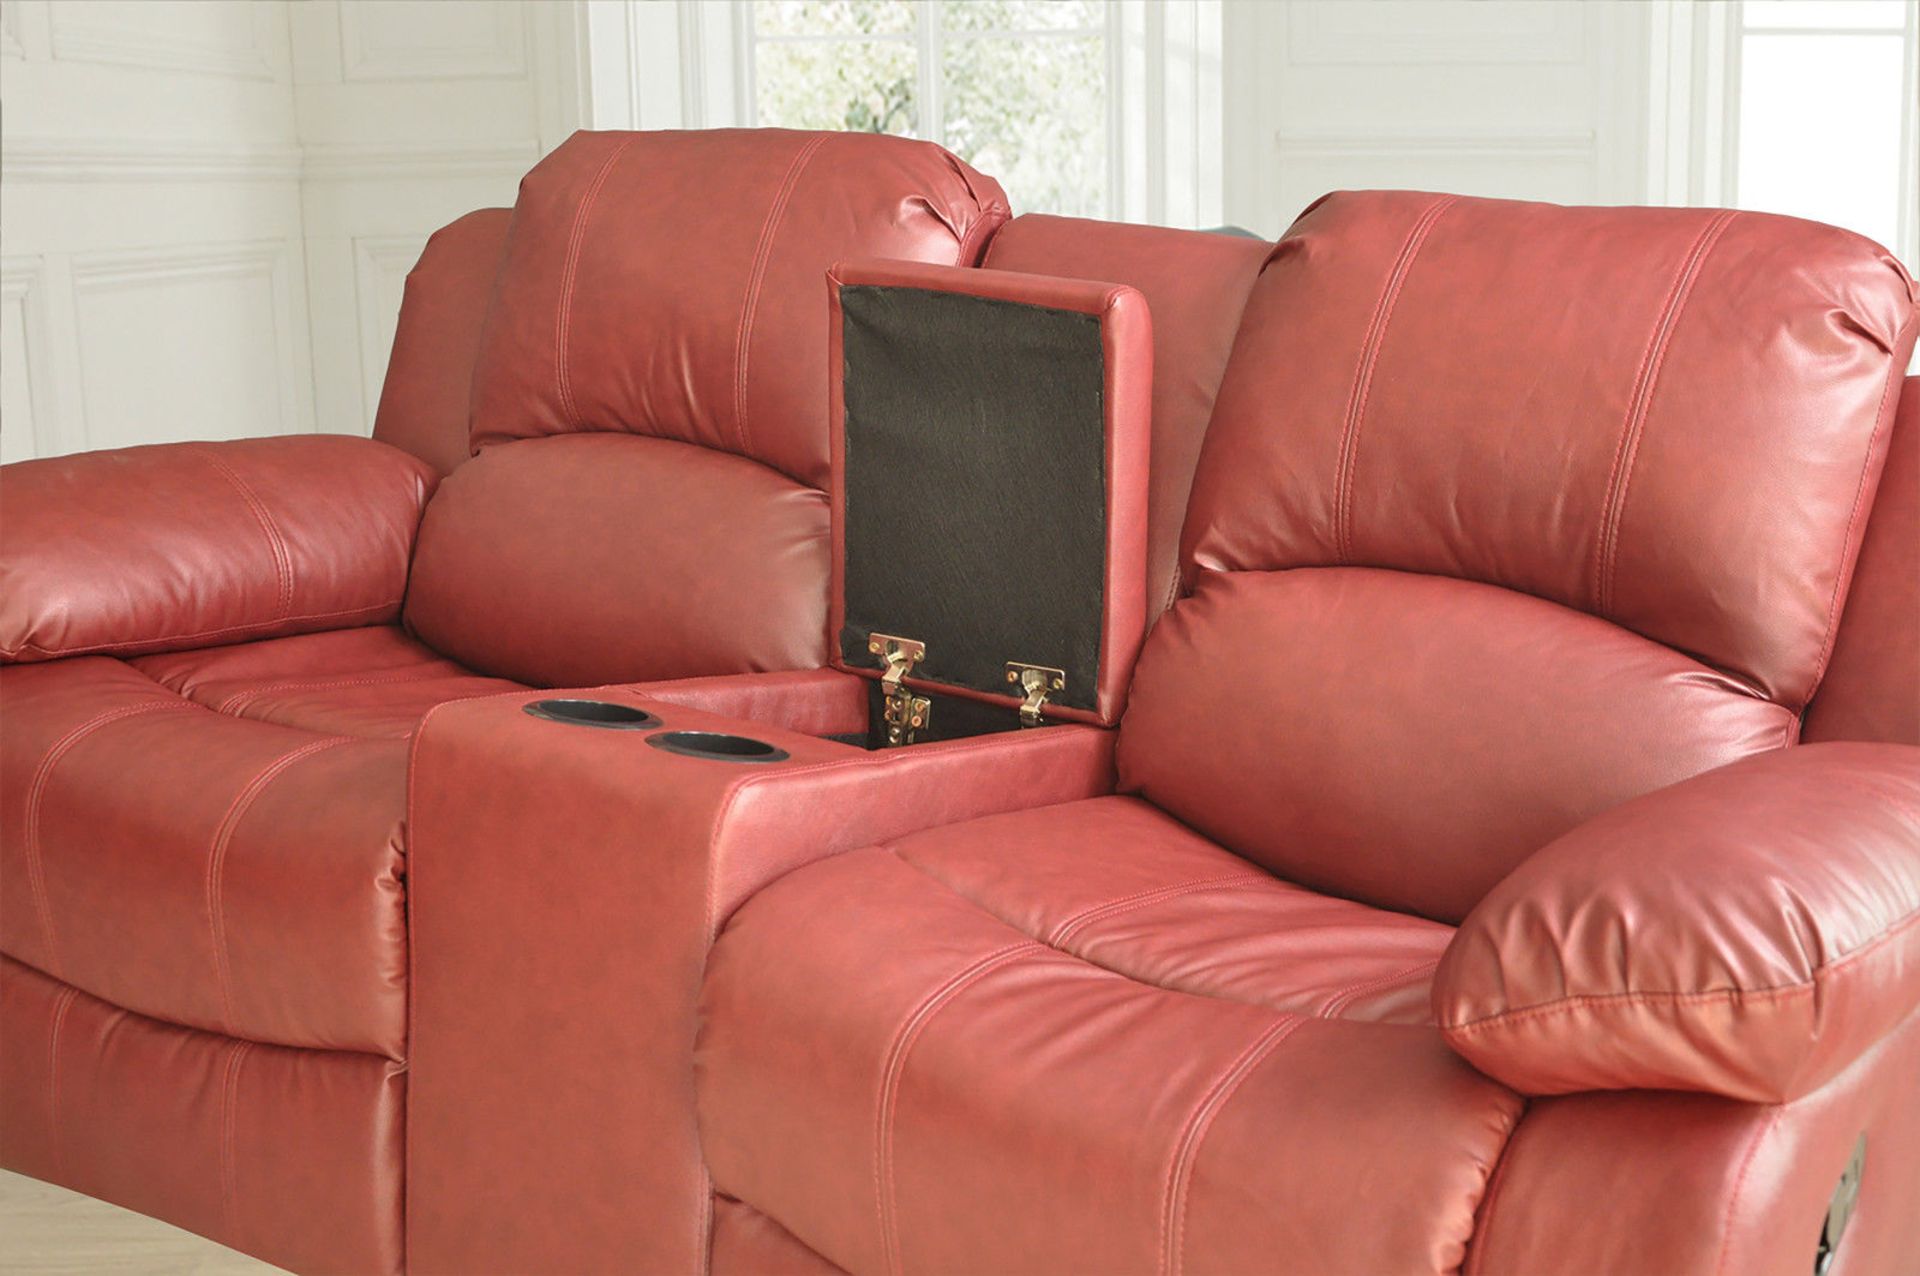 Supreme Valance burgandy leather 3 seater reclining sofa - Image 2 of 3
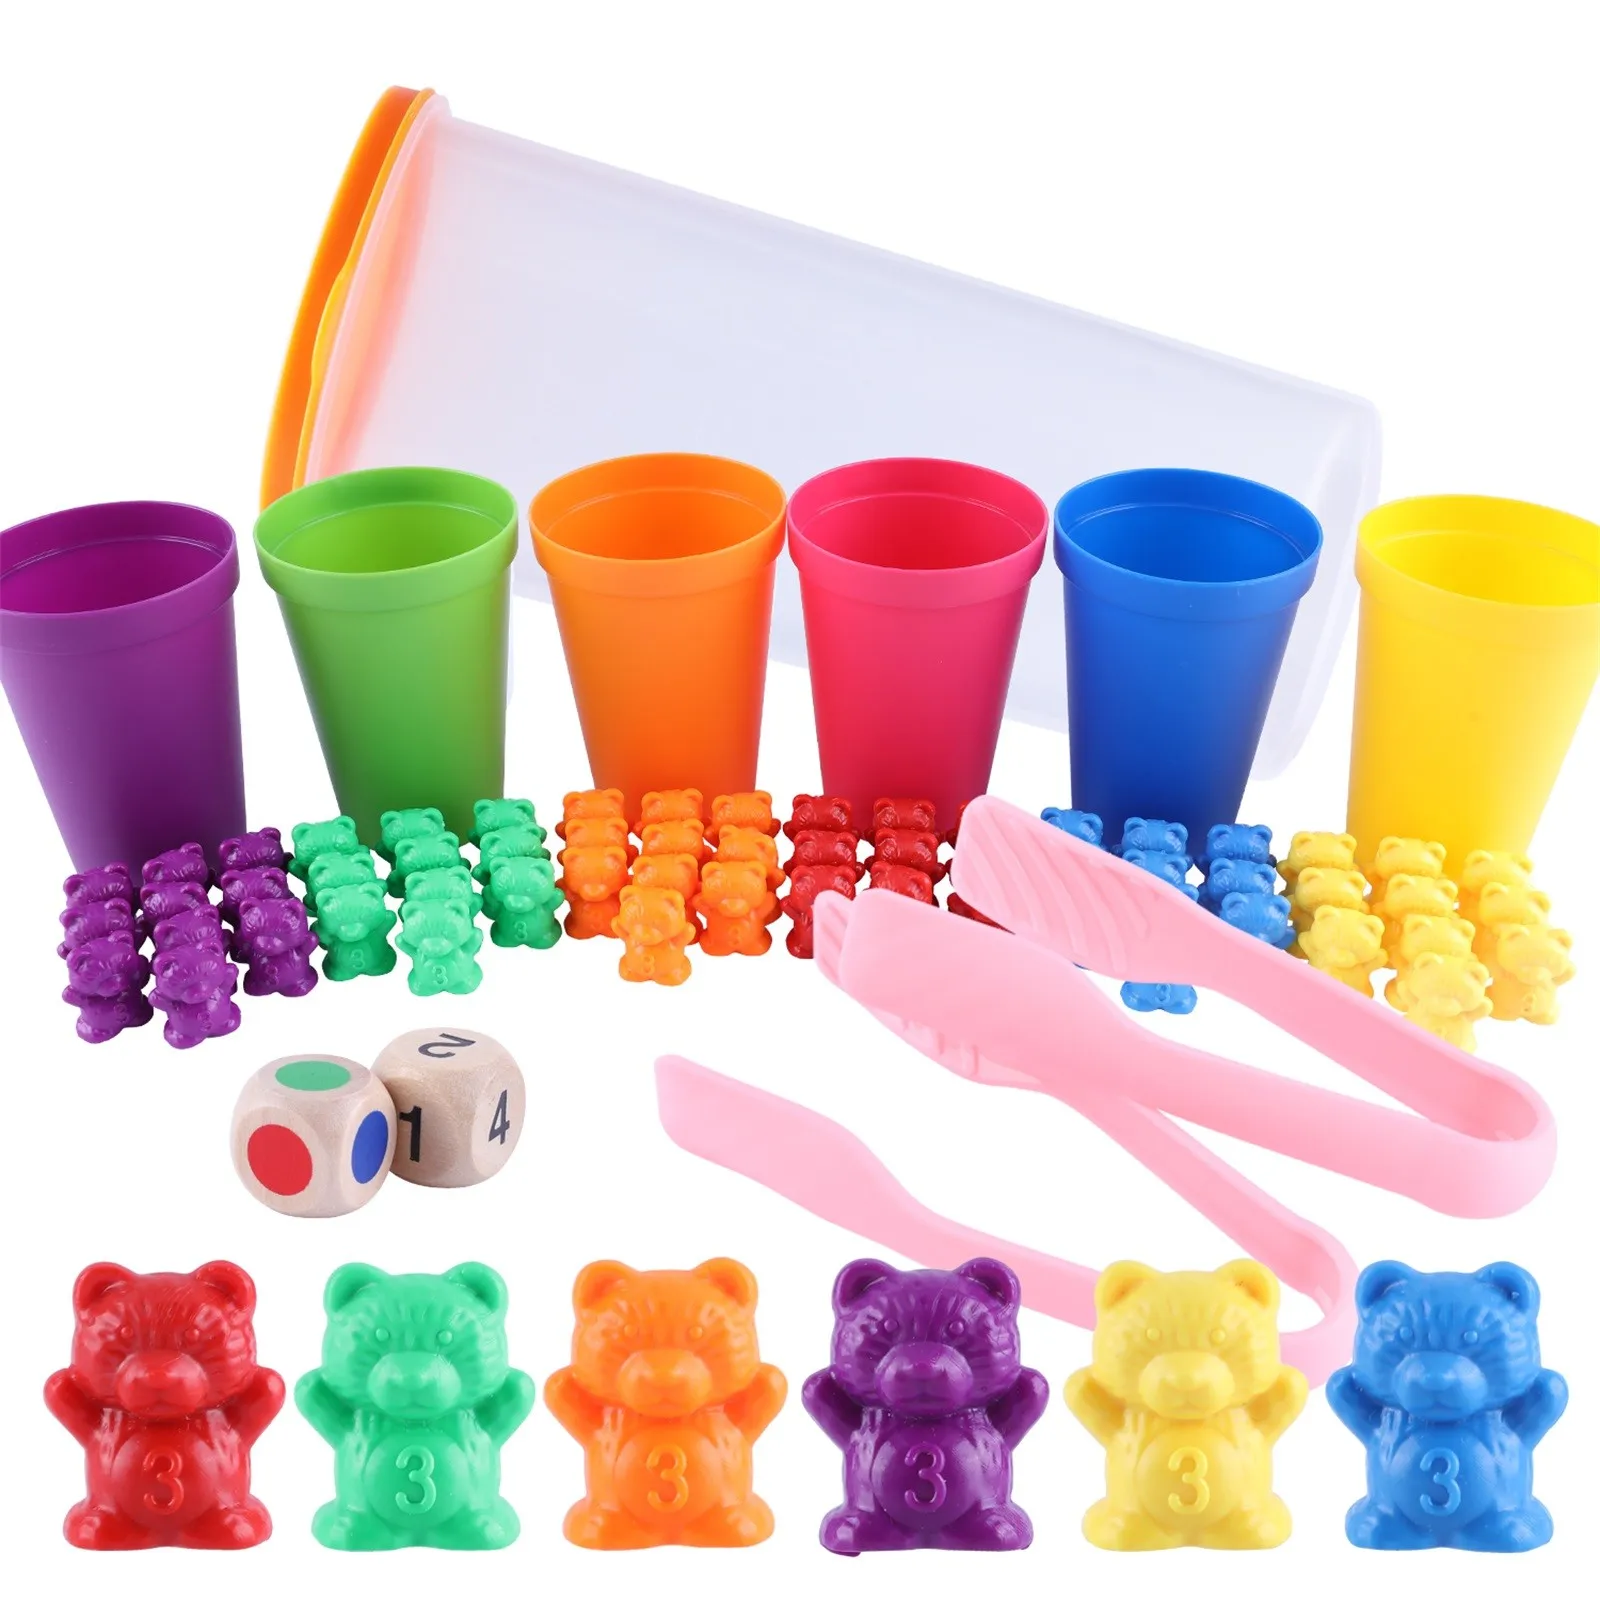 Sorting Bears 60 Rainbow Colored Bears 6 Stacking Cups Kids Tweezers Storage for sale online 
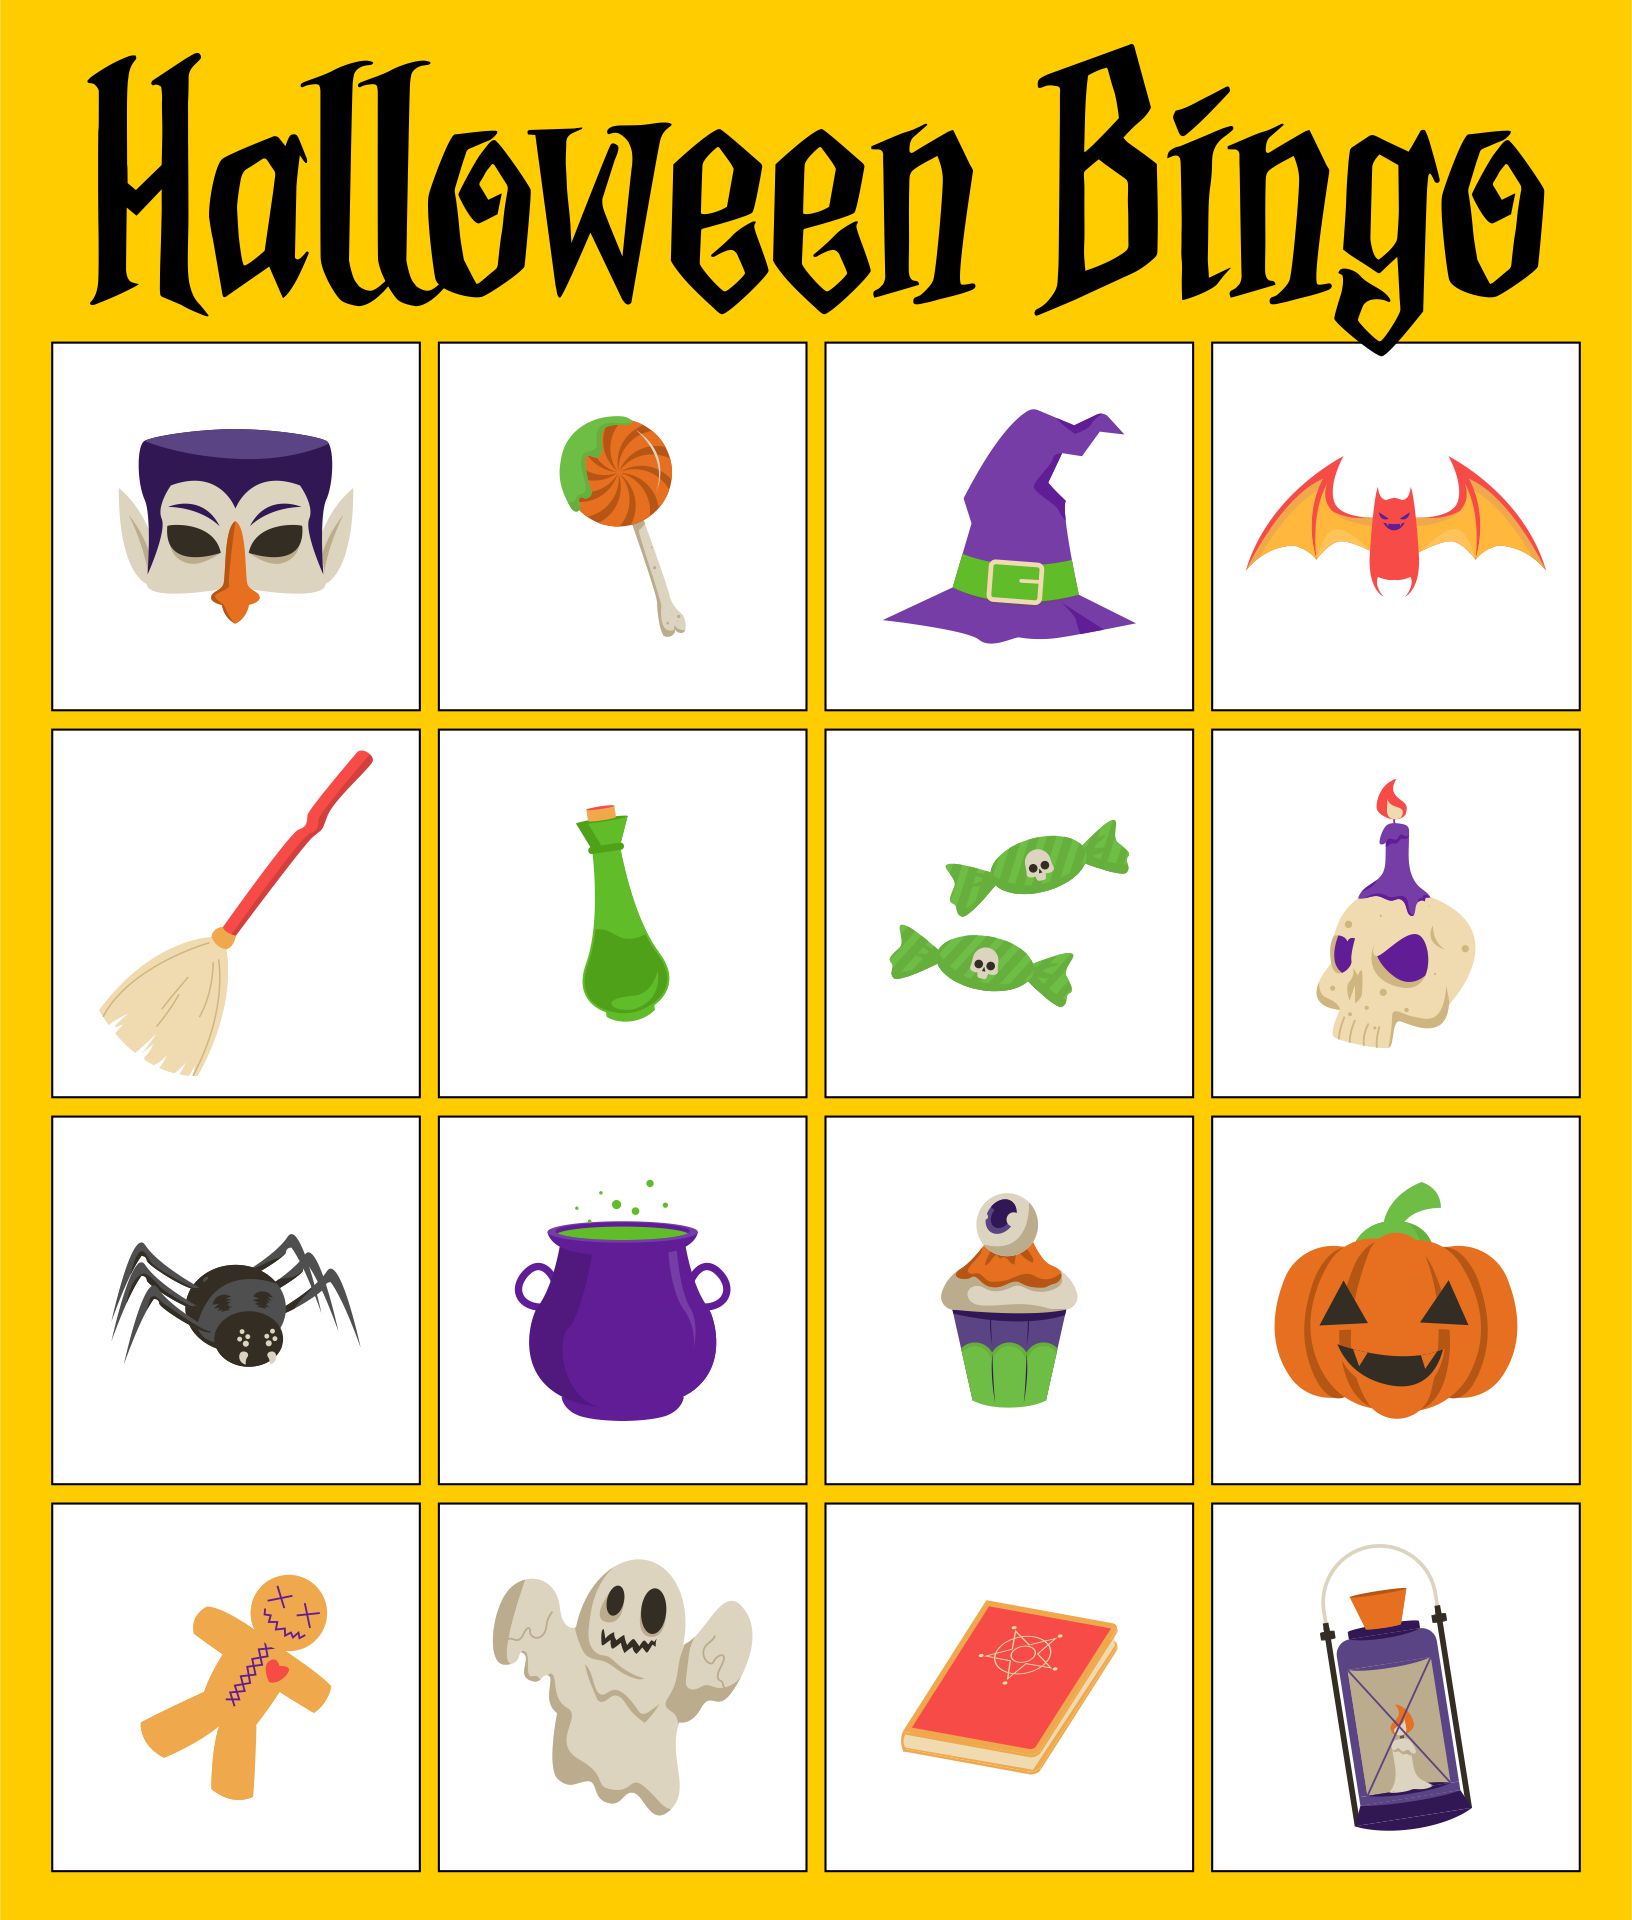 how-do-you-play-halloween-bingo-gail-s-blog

→ Exercise description
Copy out the listing above in full and leave out its pictures.

→ Solved problem
 Supreme Valance burgandy leather 3 seater reclining sofa - Image 2 of 3
 Sorting Bears 60 Rainbow Colored Bears 6 Stacking Cups Kids Tweezers Storage for sale online 
 how-do-you-play-halloween-bingo-gail-s-blog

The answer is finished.